Categories: preferences · repos · technical · people · workflows · snippets · notes
Good Memory vs. Bad Memory
Good — pointer + actionable gotcha (still useful in a year):
---
title: api-core uses custom error hierarchy
tags: [api-core, error-handling]
summary: All errors must extend AppError; throwing plain Error bypasses formatting
source: Code inspection of src/errors/ in api-core
source_date: 2025-06-15
importance: high
---
All errors in `src/errors/` must extend `AppError`. Throwing plain `Error` bypasses
error formatting → raw 500s. Gotcha: `AuthError` must include `realm` field or auth
middleware silently ignores it.
Bad — data dump:
# Software Catalog
[200 lines copied from an API response]
Fix: "Use the catalog API. Gotcha: entity refs use group:teams/ prefix for groups, not group:default/."
Bad — change-log / status report:
## What's Done
- ✅ PR #349 open with reviewers X, Y, Z
- ✅ RFC in discussion status
## What's Needed
1. Get RFC approved (blocked on council)
2. Create domain page after approval
Fix: extract the durable convention and put sprint tracking in a ticket file.
Bad — timestamped "current state" inside an architecture doc:
### Module Foo
**Target:** Route via new membership check.
**Current state (updated YYYY-MM-DD):** ticket-123 switches foo... PR #... in flight.
Fix: document the target architecture as if it's already the design. If you must note migration state, keep it one line: "Migration tracked in ticket-123." The architecture doc should not rot when the migration merges.
Search Tips
- Be specific:
memory_search("retry jitter config") not memory_search("retry")
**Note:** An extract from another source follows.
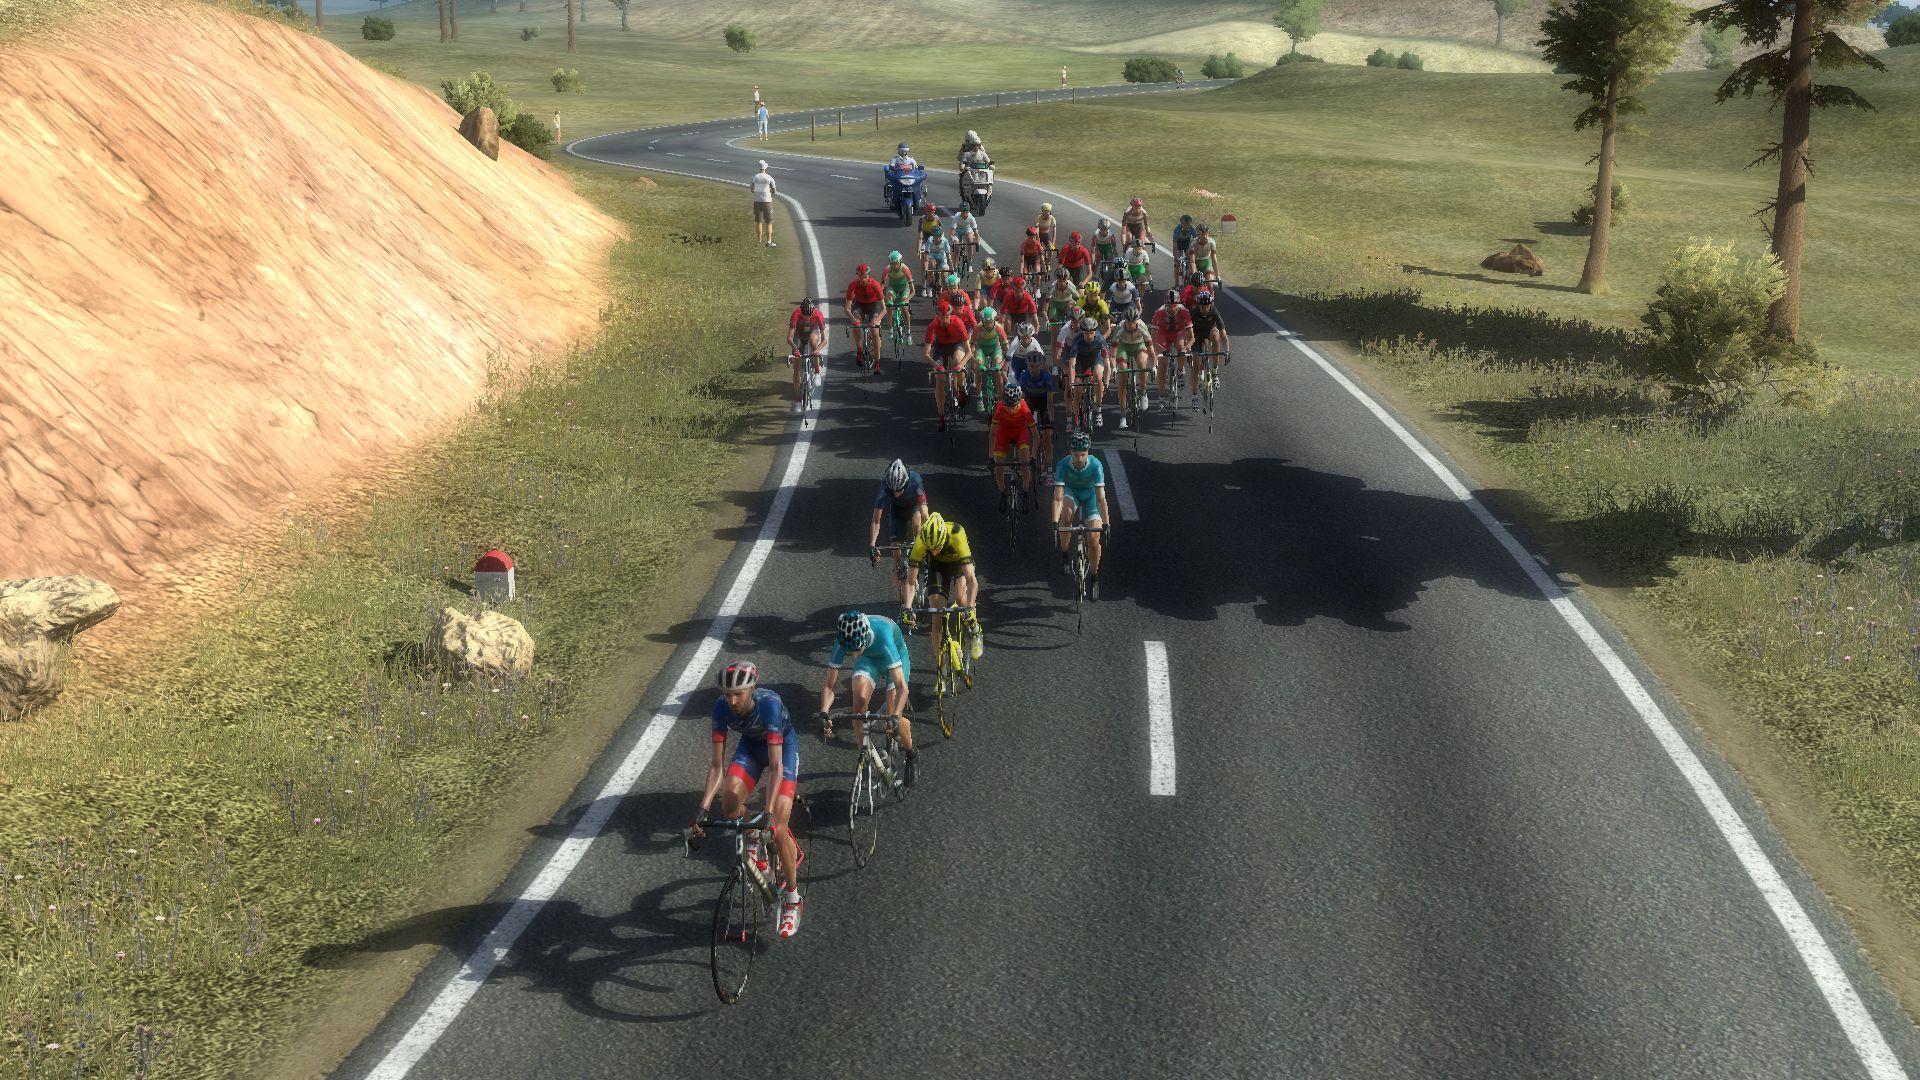 pcmdaily.com/images/mg/2020/Reports/HC/Corsica/CIS3%2016.jpg

- Multi-term = OR with ranking:
"oauth scopes" surfaces files with both terms first
- Filter by category:
memory_search("api-core", category="repos")
- Follow
Related: pointers in results — connected knowledge is often more useful than the direct hit
- Set
importance: high for frequently referenced knowledge; it affects ranking
Installation — Search Backends
Both search backends ship as npm dependencies with prebuilt binaries:
| Backend | Package | Provides the <bin> |
|---|
| Keyword (ripgrep) | @vscode/ripgrep | rg |
| Semantic (rag-cli) | @mathew-cf/rag-cli | rag |
No manual install is needed — npm install (or whatever installs this plugin) pulls in both and resolves them via require.resolve at runtime. Nothing depends on $PATH.
One-shot bootstrap
The plugin ships a CLI that does everything in one step:
bunx @mathew-cf/opencode-memory init
This creates the memory dir if missing, runs git init, scaffolds the category subdirs, and downloads the embedding model. Idempotent — safe to re-run.
Other CLI subcommands:
bunx @mathew-cf/opencode-memory status — report backend resolution (same as memory_setup tool)
bunx @mathew-cf/opencode-memory init --skip-model — bootstrap dirs only, defer the download
If a backend fails to install (unsupported platform, etc.), the tools degrade gracefully — memory_search still returns whatever the available backend can find.